__TASK DESCRIPTION__
Set down again exactly the lines of the listing below that fall between the line holding "Multi-Moonstone Tumbled Gemstone" and the line holding "SIDBI Grade A", inclusive.

__DATA FOR PROCESSING__
○ ○ ○ ○ ○

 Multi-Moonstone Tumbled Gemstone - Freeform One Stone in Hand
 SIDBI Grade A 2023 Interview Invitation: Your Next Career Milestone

○ ○ ○ ○ ○

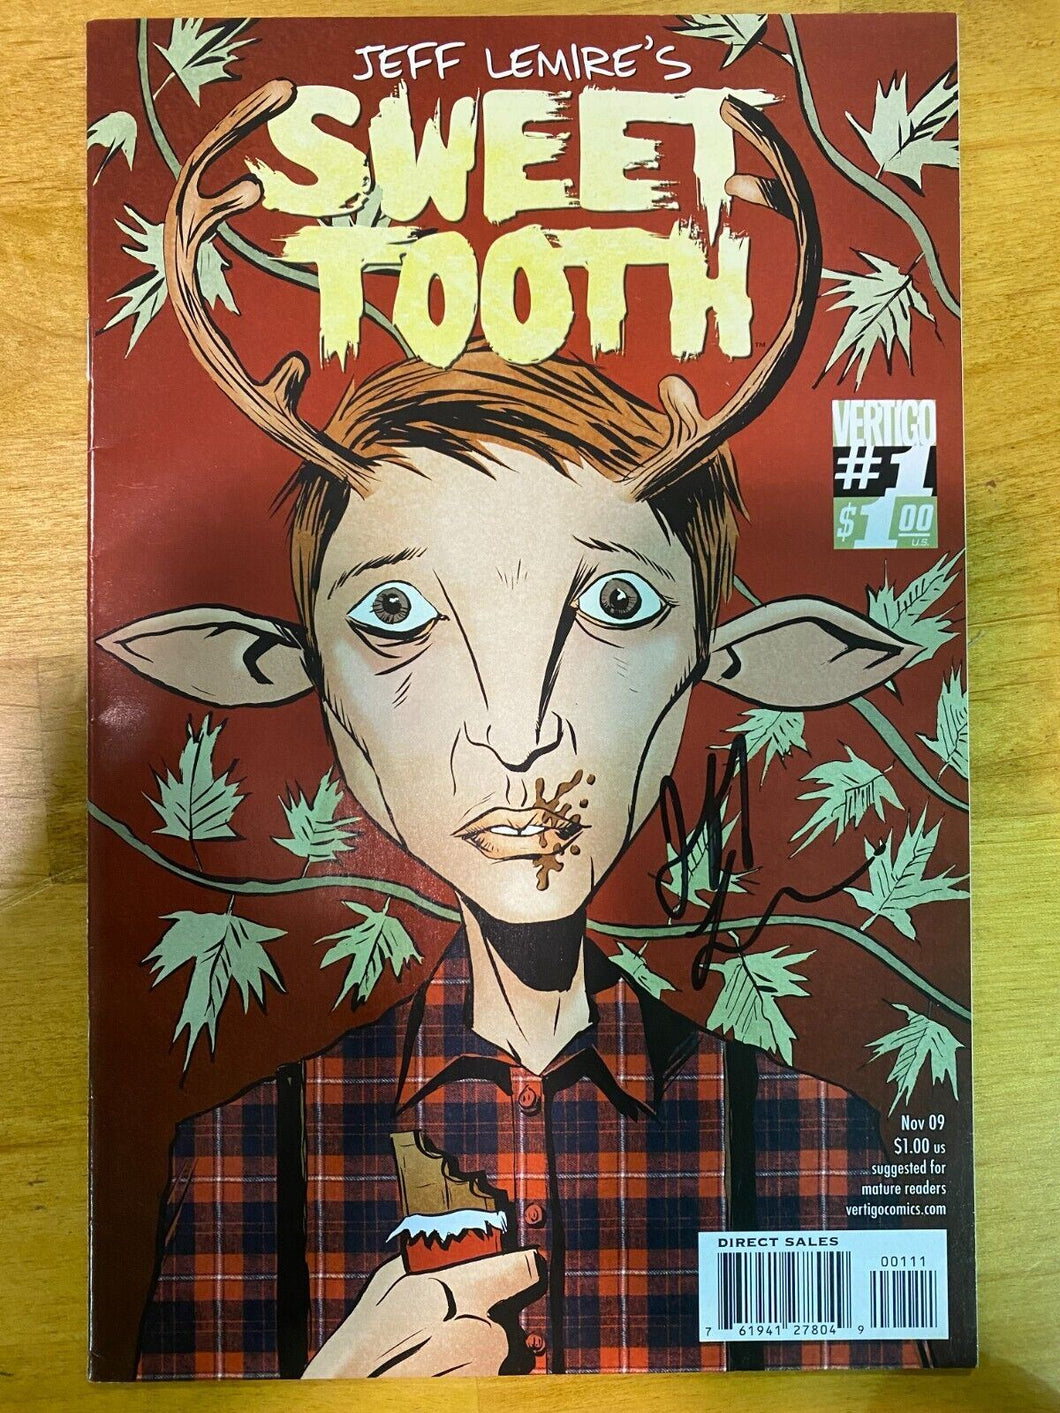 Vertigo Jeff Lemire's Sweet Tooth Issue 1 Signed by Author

○ ○ ○ ○ ○

__YOUR RESPONSE__
 Multi-Moonstone Tumbled Gemstone - Freeform One Stone in Hand
 SIDBI Grade A 2023 Interview Invitation: Your Next Career Milestone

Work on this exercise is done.